It is suggested that "hook up the vacuum advance to a ported (no vacuum at idle) source of vacuum on the carburetor."

A little more research into the HEI and I found these 2 articles that may provide some insight.

http://www.angelfire.com/on/geebjen/timing.txt

Changing the Advance Curve on HEI Distributors

:thumbsup:


----------



## Bigfoot21075 (Oct 12, 2015)

oldskool said:


> "...Any ideas on what may be the cause? I am hesitant to just knock the timing back as it runs and starts perfectly..."
> 
> 
> Could be too much vacuum advance. Try this. Unhook your vac advance and plug the vac source. Then road test and see if that stopped the ping. If it did, then buy an adjustable vac advance. Start at the lowest advance setting and increase it slowly til you begin to hear a slight ping again. Then back it off some, to provide a margin of safety. I reckin you could call this method "Test & Tune".
> ...



Got out to the garage today and gave this a try. The vacuum was hooked up to the primaries on the Edelbrock carb, I pulled the line and plugged the source - PRESTO Problem solved! I have NEVER heard of this issue before on something like this.

I am ordering the part now. I assume it just replaces the one currently on the distributor?

THANK YOU VERY MUCH! This is a huge relief!


----------



## PontiacJim (Dec 29, 2012)

Bigfoot21075 said:


> Got out to the garage today and gave this a try. The vacuum was hooked up to the primaries on the Edelbrock carb, I pulled the line and plugged the source - PRESTO Problem solved! I have NEVER heard of this issue before on something like this.
> 
> I am ordering the part now. I assume it just replaces the one currently on the distributor?
> 
> THANK YOU VERY MUCH! This is a huge relief!




Yes, it replaces your existing vacuum canister.

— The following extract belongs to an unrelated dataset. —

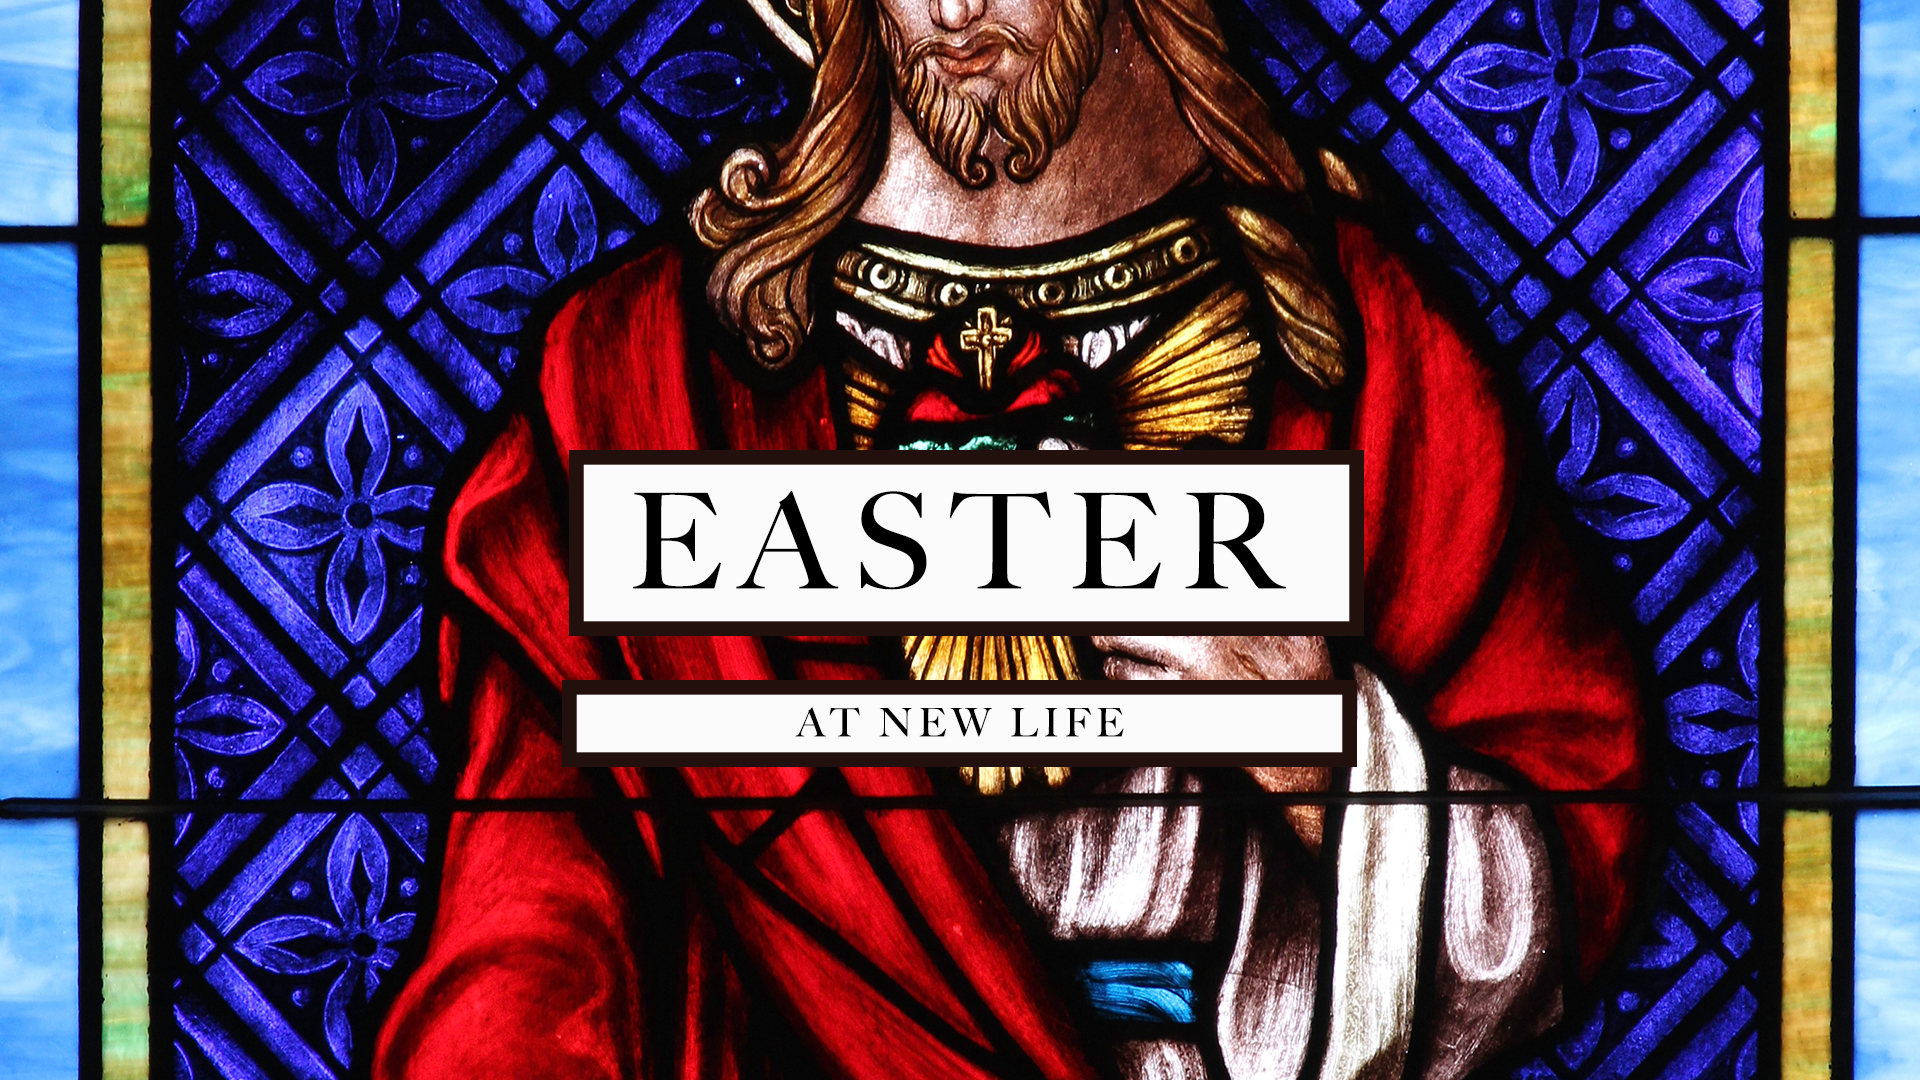 EasterSatinedGlass.jpg

BTW, whomever provides the correct answer to any question on the forums, gets a brandy dipped Cuban cigar mailed them from the questionaire or a bottle of their favorite libation. No cash, please. :thumbsup:


----------



## Bigfoot21075 (Oct 12, 2015)

PontiacJim said:


> Yes, it replaces your existing vacuum canister.
> 
> BTW, whomever provides the correct answer to any question on the forums, gets a brandy dipped Cuban cigar mailed them from the questionaire or a bottle of their favorite libation. No cash, please. :thumbsup:


OH - thank goodness you caught me in time, I almost sent along a case of Laphroaig Scotch to go with those Cigars. Would have been a waste. :jawDrop:


----------



## Rukee (Feb 8, 2007)

mmm.....Brandy dipped cigars, sounds interesting. :thumbsup:


----------